Understanding Summation and Latex: A Simple Explanation

[quasar_4]

I feel so silly asking this question, but is (the summation is over n1 from 1 to infinity. I have no idea how to type it with the latex)

$$\sum$$(x1^n1)/n1!*(x^(n-n1))/(n-n1)!

= lim$$(_{n1 \rightarrow \infty})$$ (1 + x/n1)^n1 * lim$$(_{n1 \rightarrow \infty})$$ (1 + x/(n-n1))^(n-n1)

= exp(x1)*exp(x2)

?

I know it's simple, but I'm just not sure what the rules are for products inside sums. And also, how the heck do you learn the whole latex thing? I can't for the life of me it out.

 

[offtheleft]

$$\sum$$ $$\frac{(x1^n^1)}{n1!}$$ $$\ast$$ $$\frac{(x^(^n^-^n^1^))}{(n-n1)!}$$

is this correct so far?

 

[HallsofIvy]

I feel so silly asking this question, but is (the summation is over n1 from 1 to infinity. I have no idea how to type it with the latex)

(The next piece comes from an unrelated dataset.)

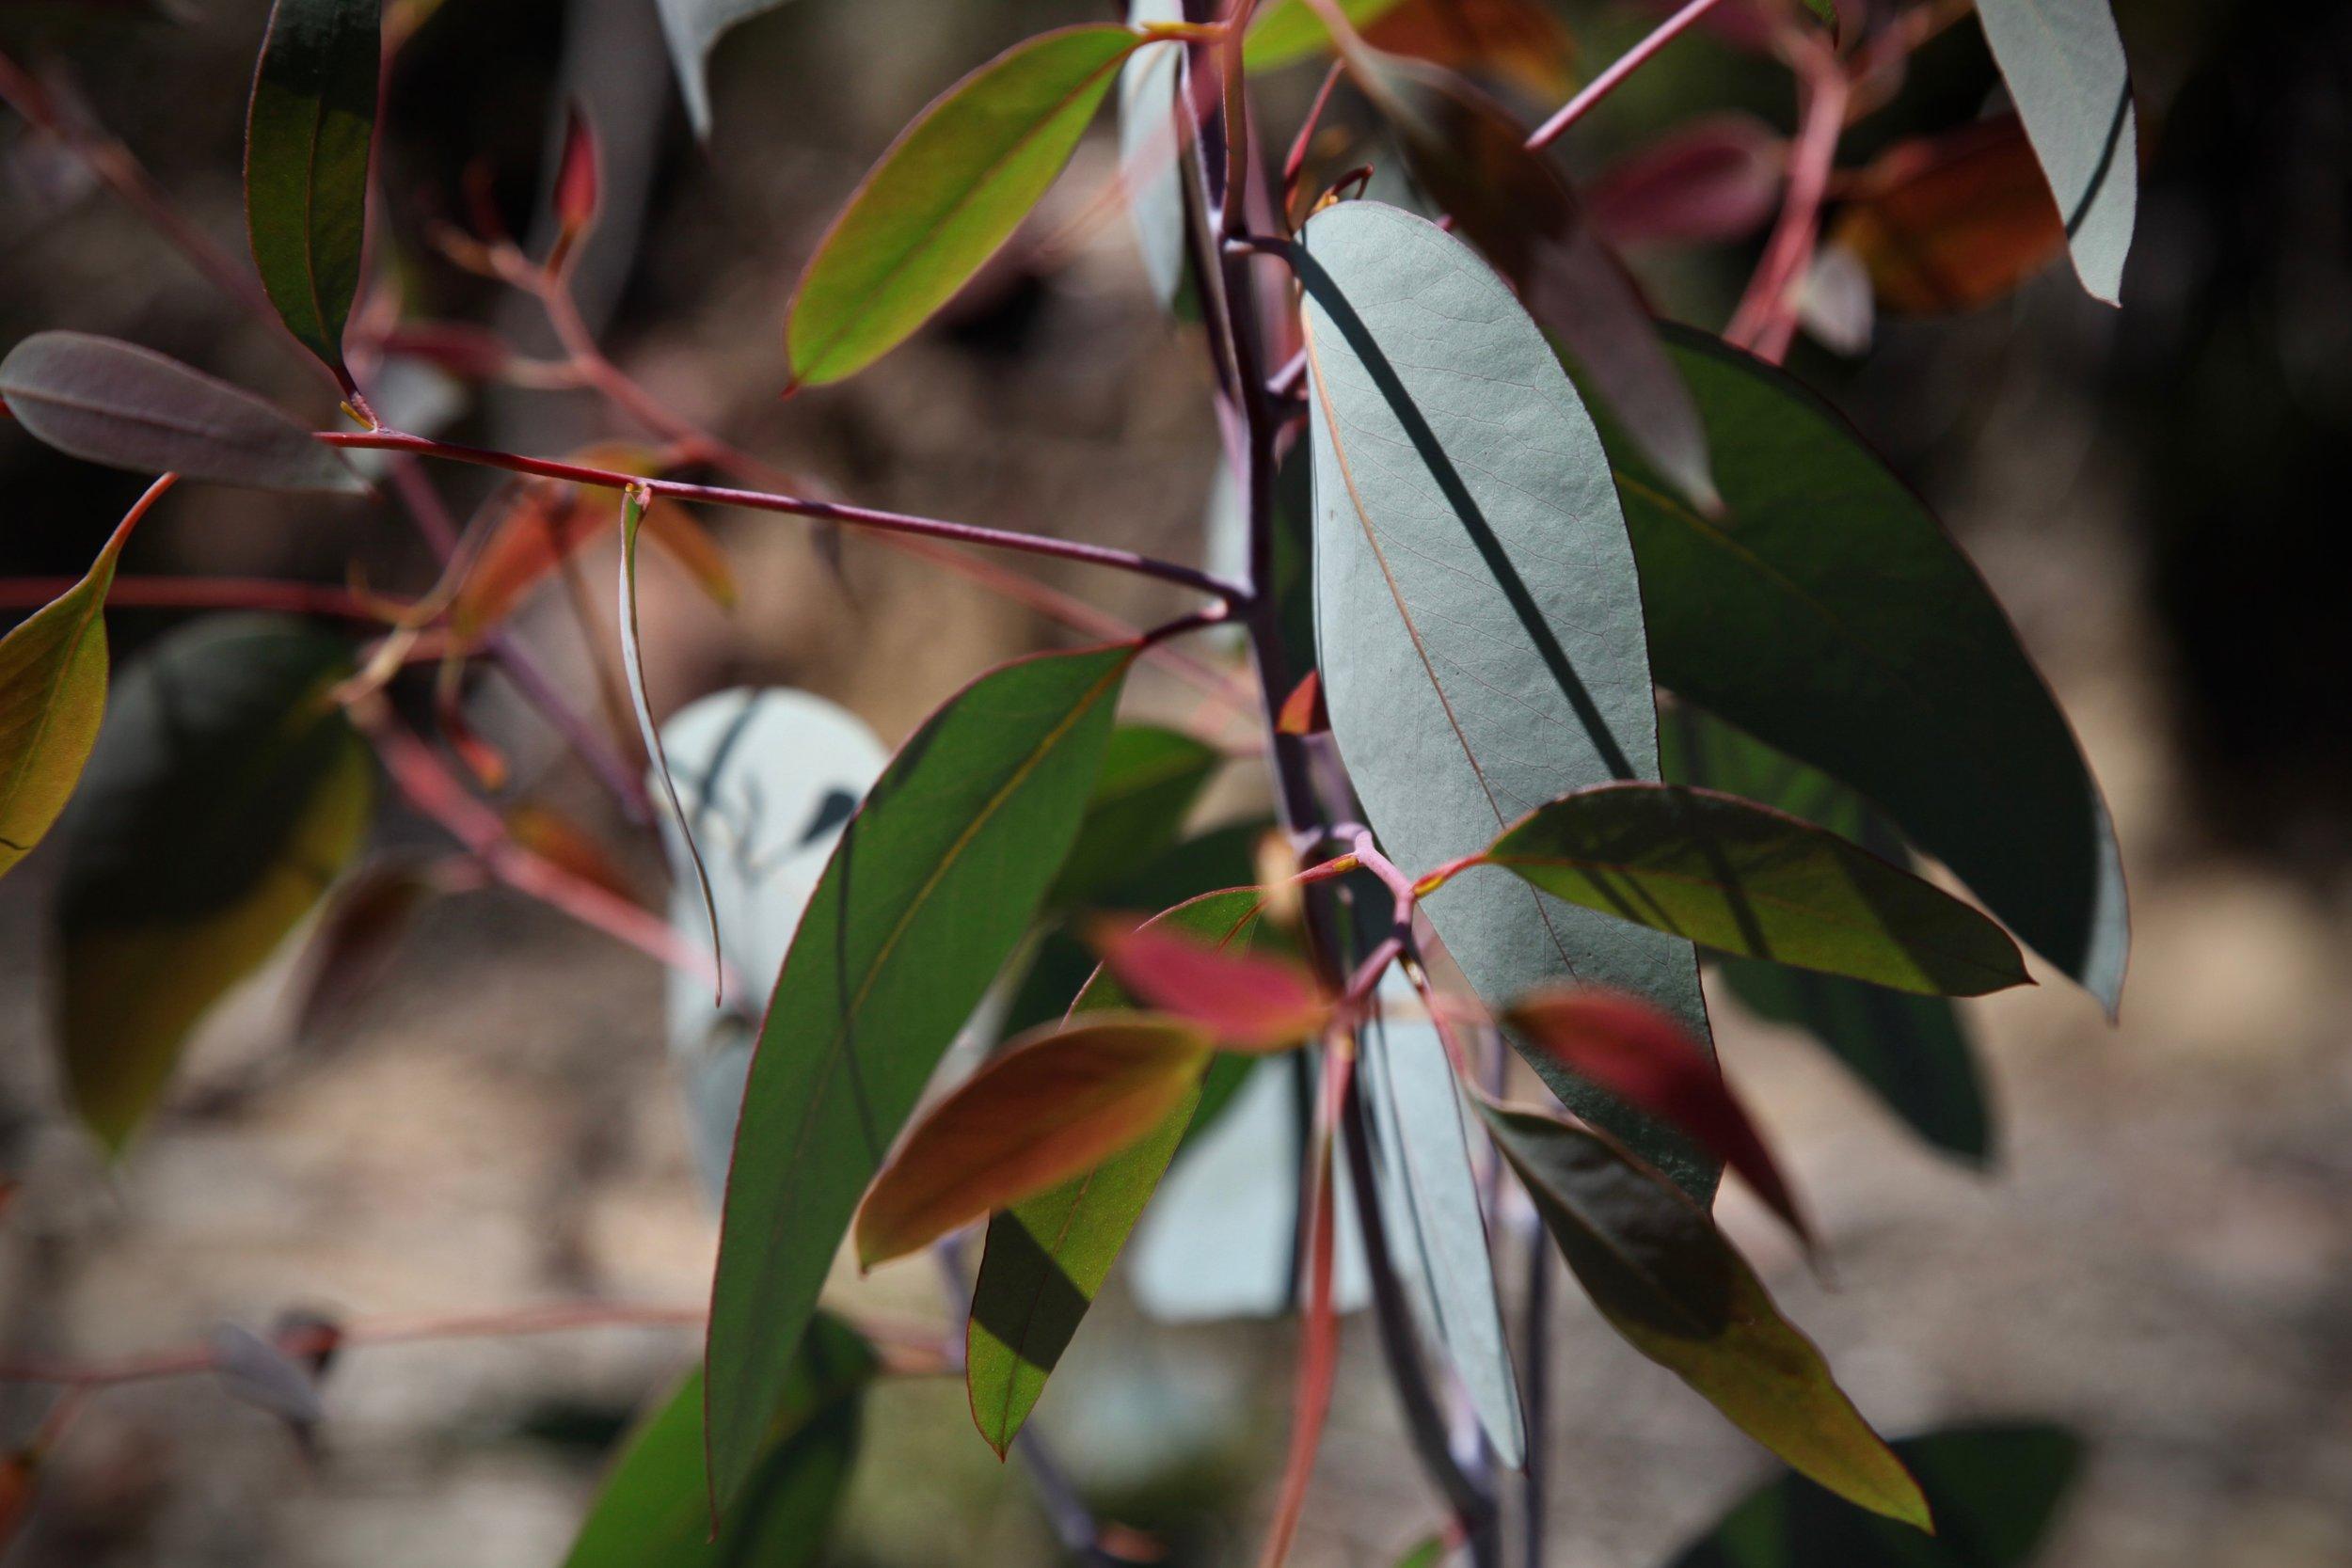 narrow-neck-leafs.jpg

$$\sum$$(x1^n1)/n1!*(x^(n-n1))/(n-n1)!

= lim$$(_{n1 \rightarrow \infty})$$ (1 + x/n1)^n1 * lim$$(_{n1 \rightarrow \infty})$$ (1 + x/(n-n1))^(n-n1)

= exp(x1)*exp(x2)
?

I know it's simple, but I'm just not sure what the rules are for products inside sums. And also, how the heck do you learn the whole latex thing? I can't for the life of me it out.

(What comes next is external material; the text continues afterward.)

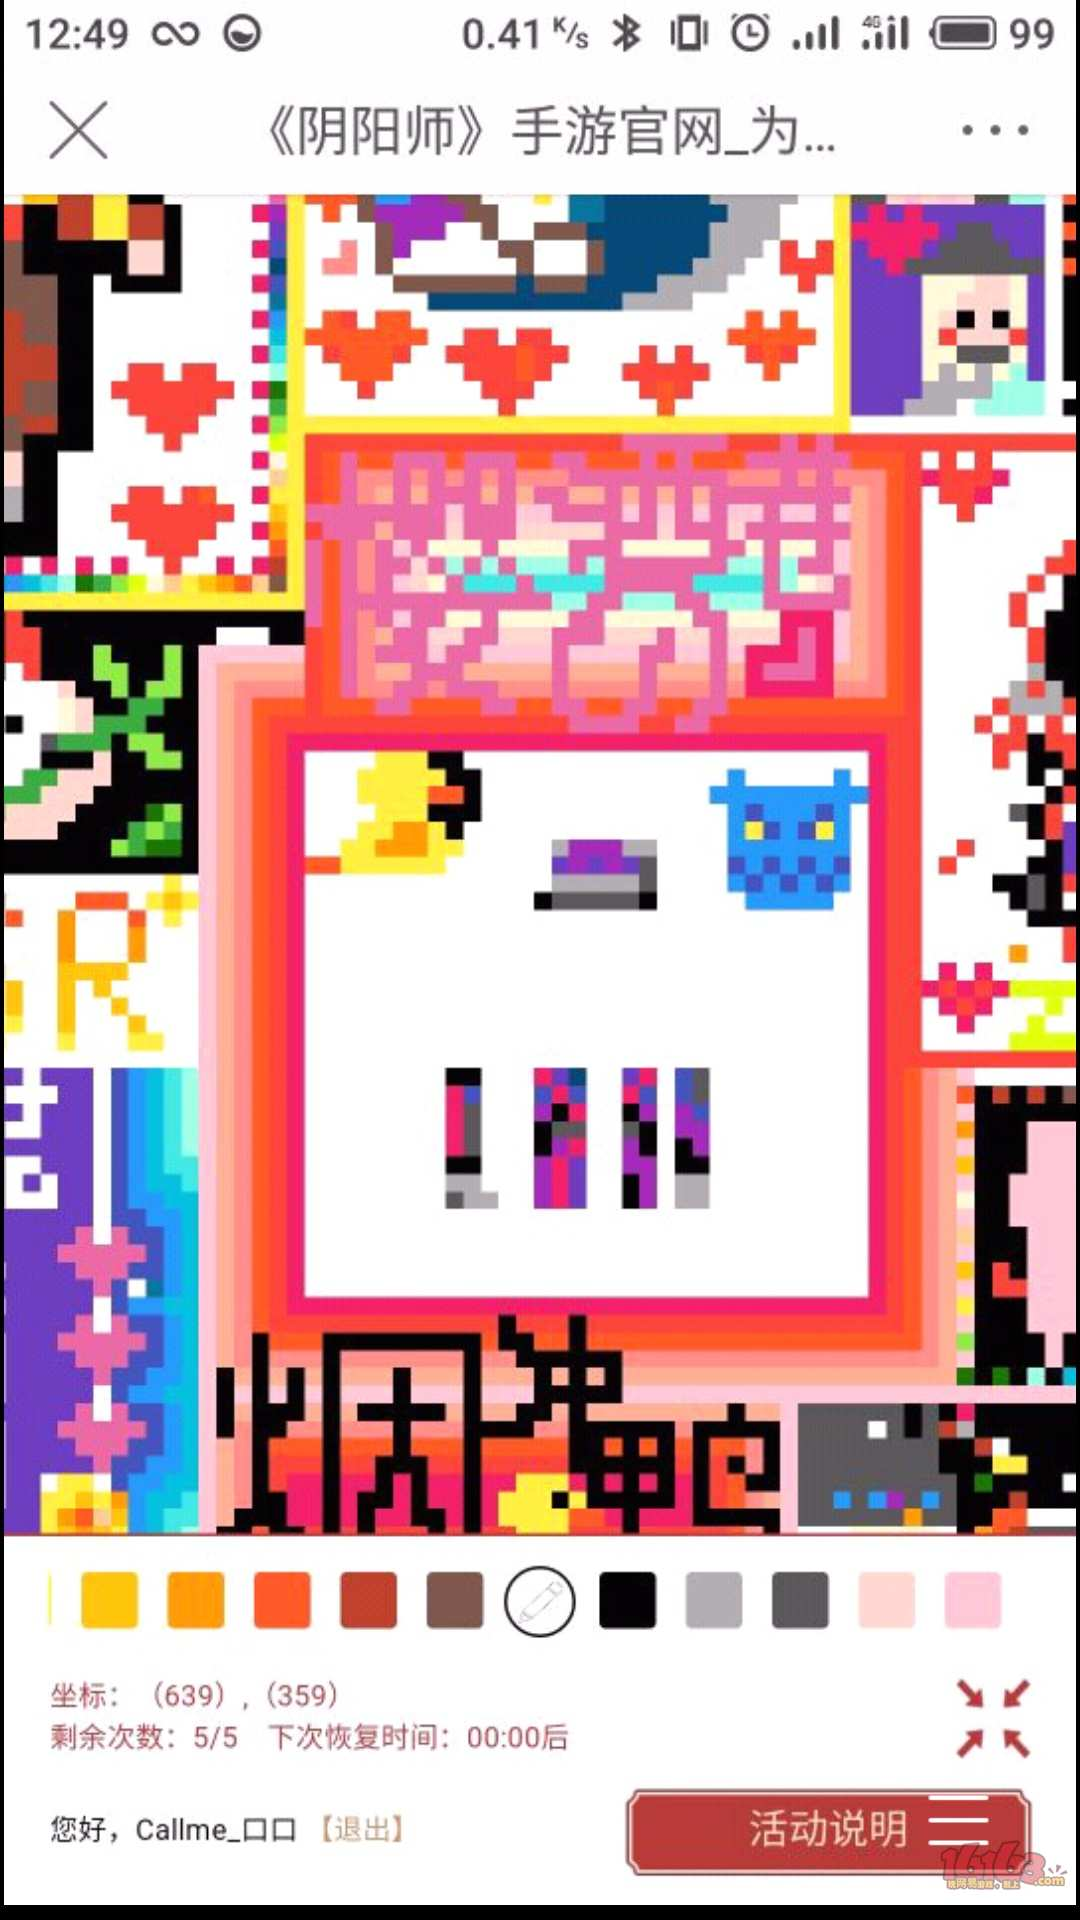 S90113-13022561.jpg

Please start by telling us what the problem really is! In your first sum you have "x1" and "x". In second line, only "x" and then in the third line "x1" and "x2".

 

[quasar_4]

oh yes, it does seem that I missed some details (it was late at night ).

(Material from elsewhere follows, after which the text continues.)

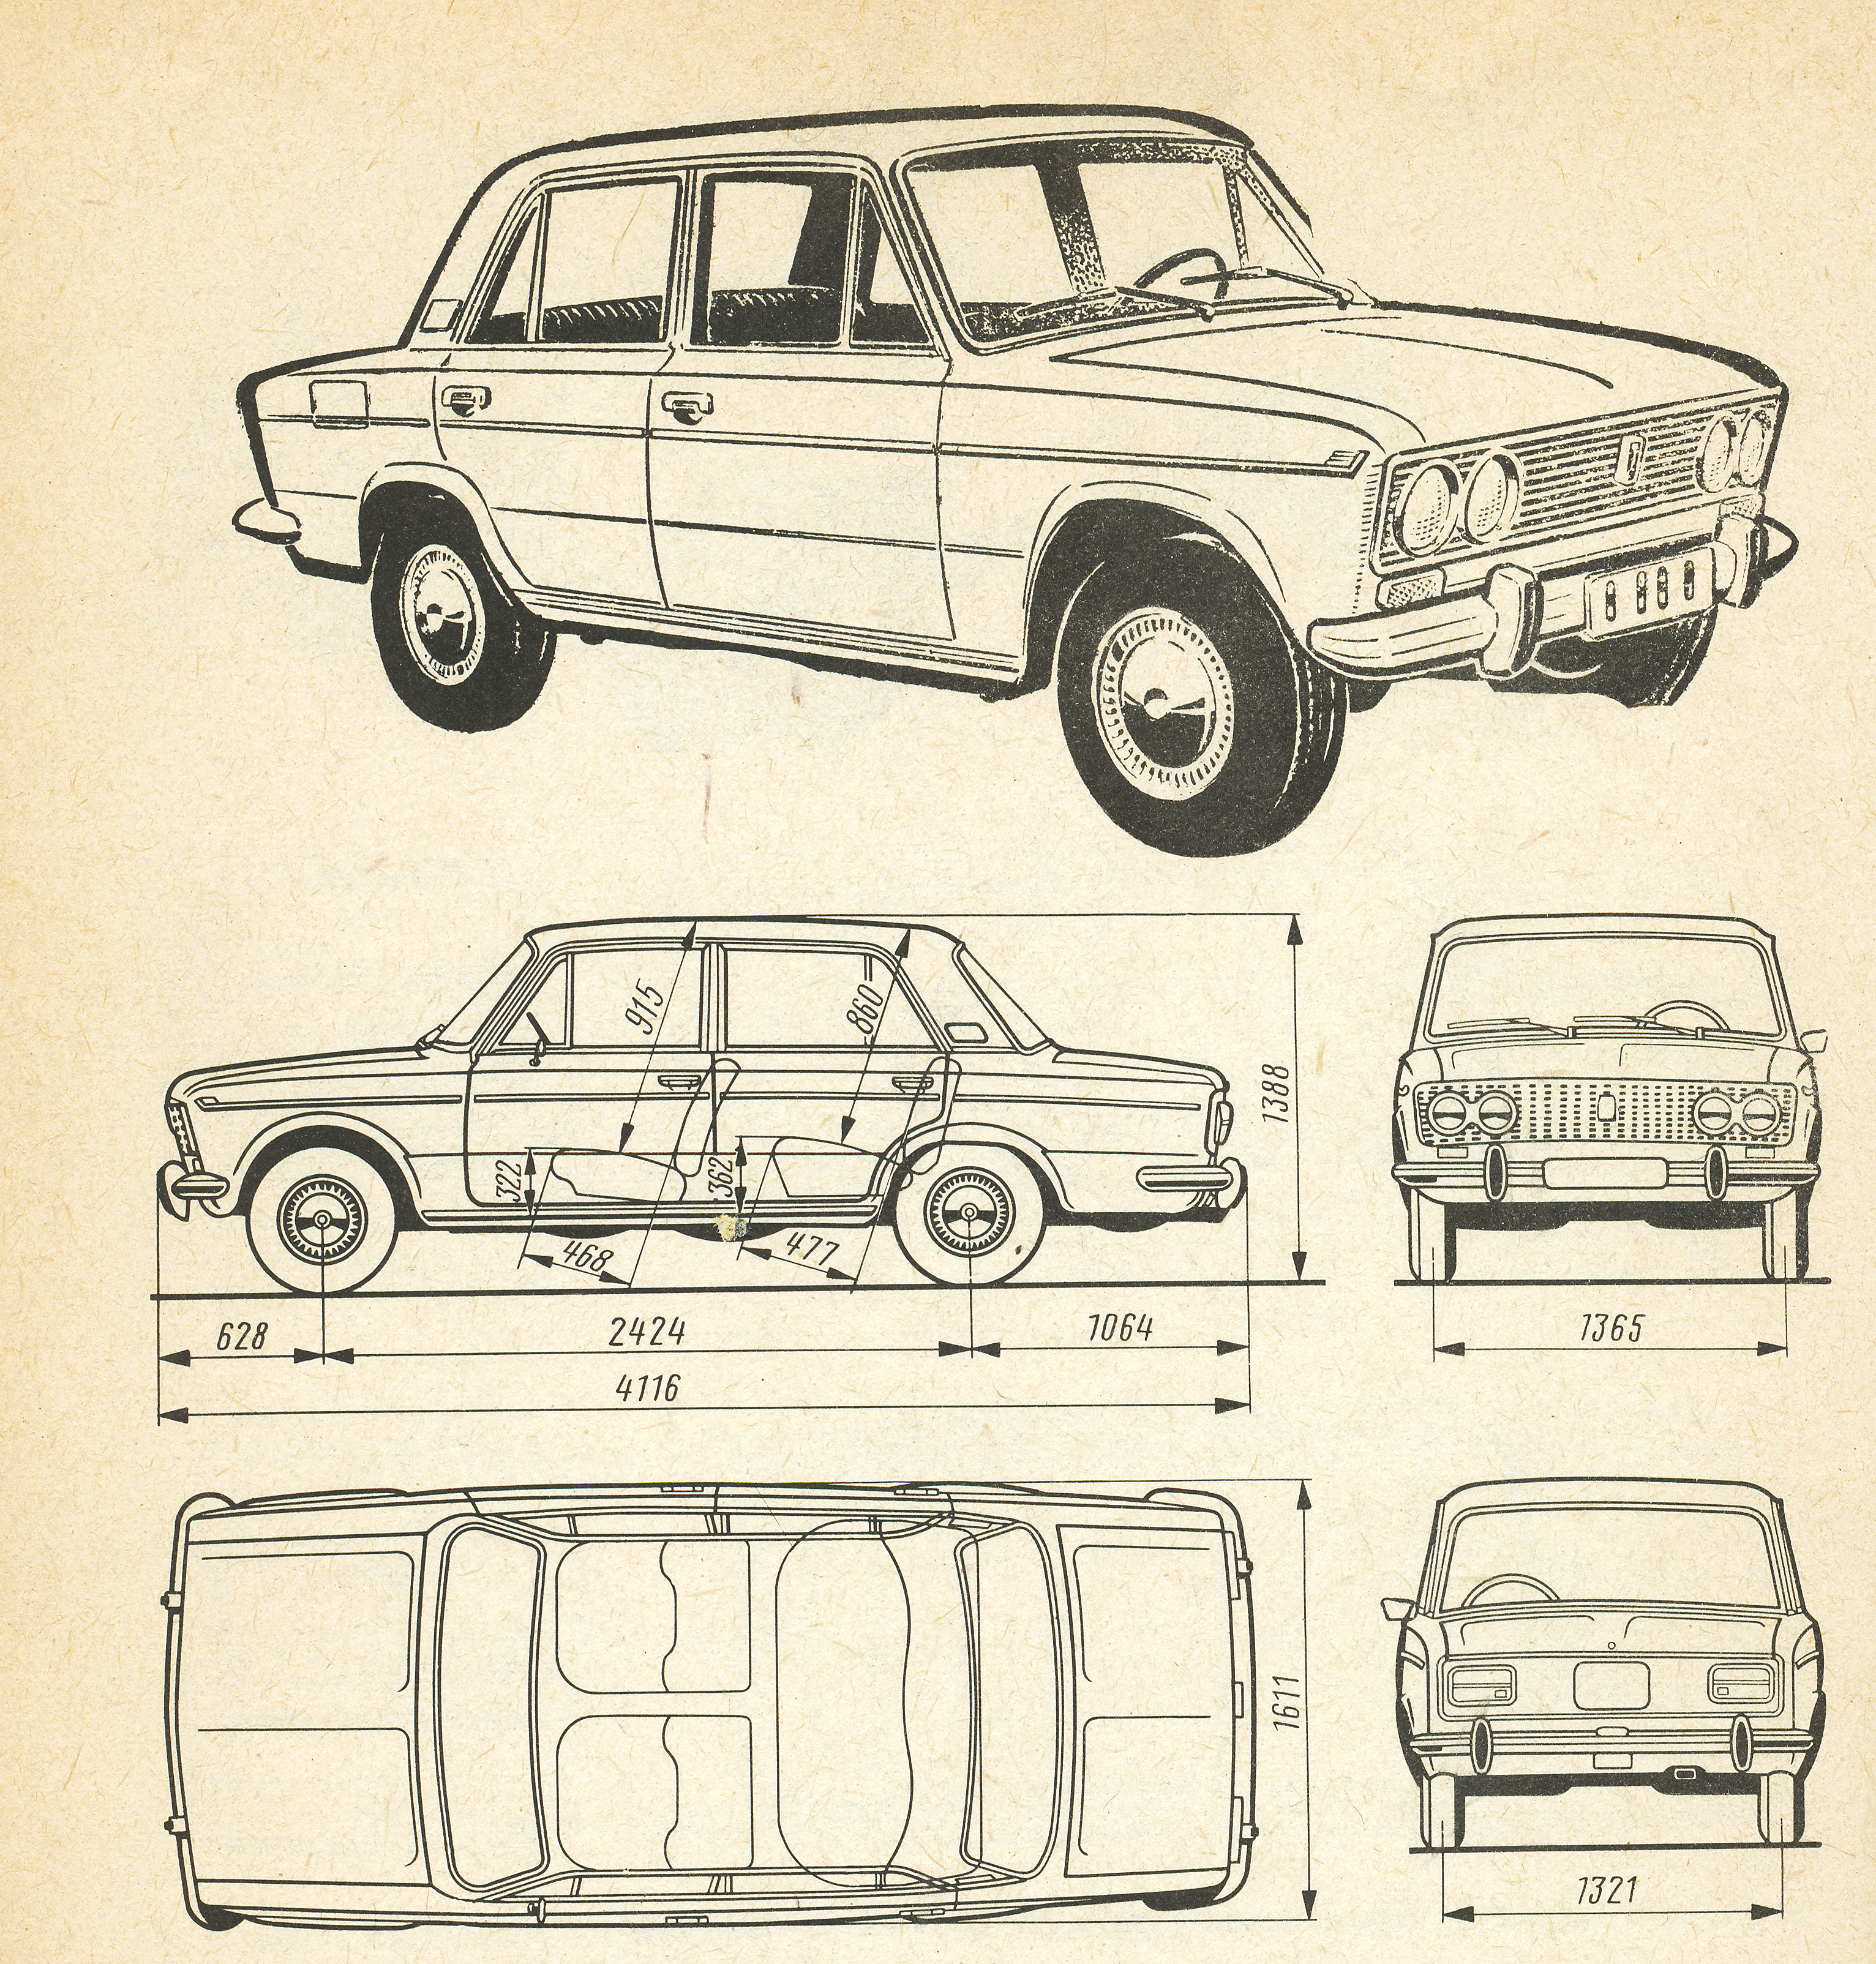 1_paper_texture_big_100902_.jpg (3064×3208) | Vehicles | Pinterest ...

The summation is over n1, from 0 to infinity, and there is an x1 and x2 (they're just constants). So it's just what offtheleft has written, except I forgot to put x2 instead of x on the second term At first I thought that this would just turn into two exponentials, because each of the pieces resemble exponentials, but I'm not so sure now. I don't know much about how sums fit into algebra (having only seen them for the most part in calculus and linear algebra, but never for the sake of learning their properties).

Is it ever the general case that the sum (x*y) = sum(x)*sum(y)? I guess I can answer my own question with a counterexample...

so in that case, how do I simplify my sum? In the end I think the correct answer is supposed to be an (x1+x2).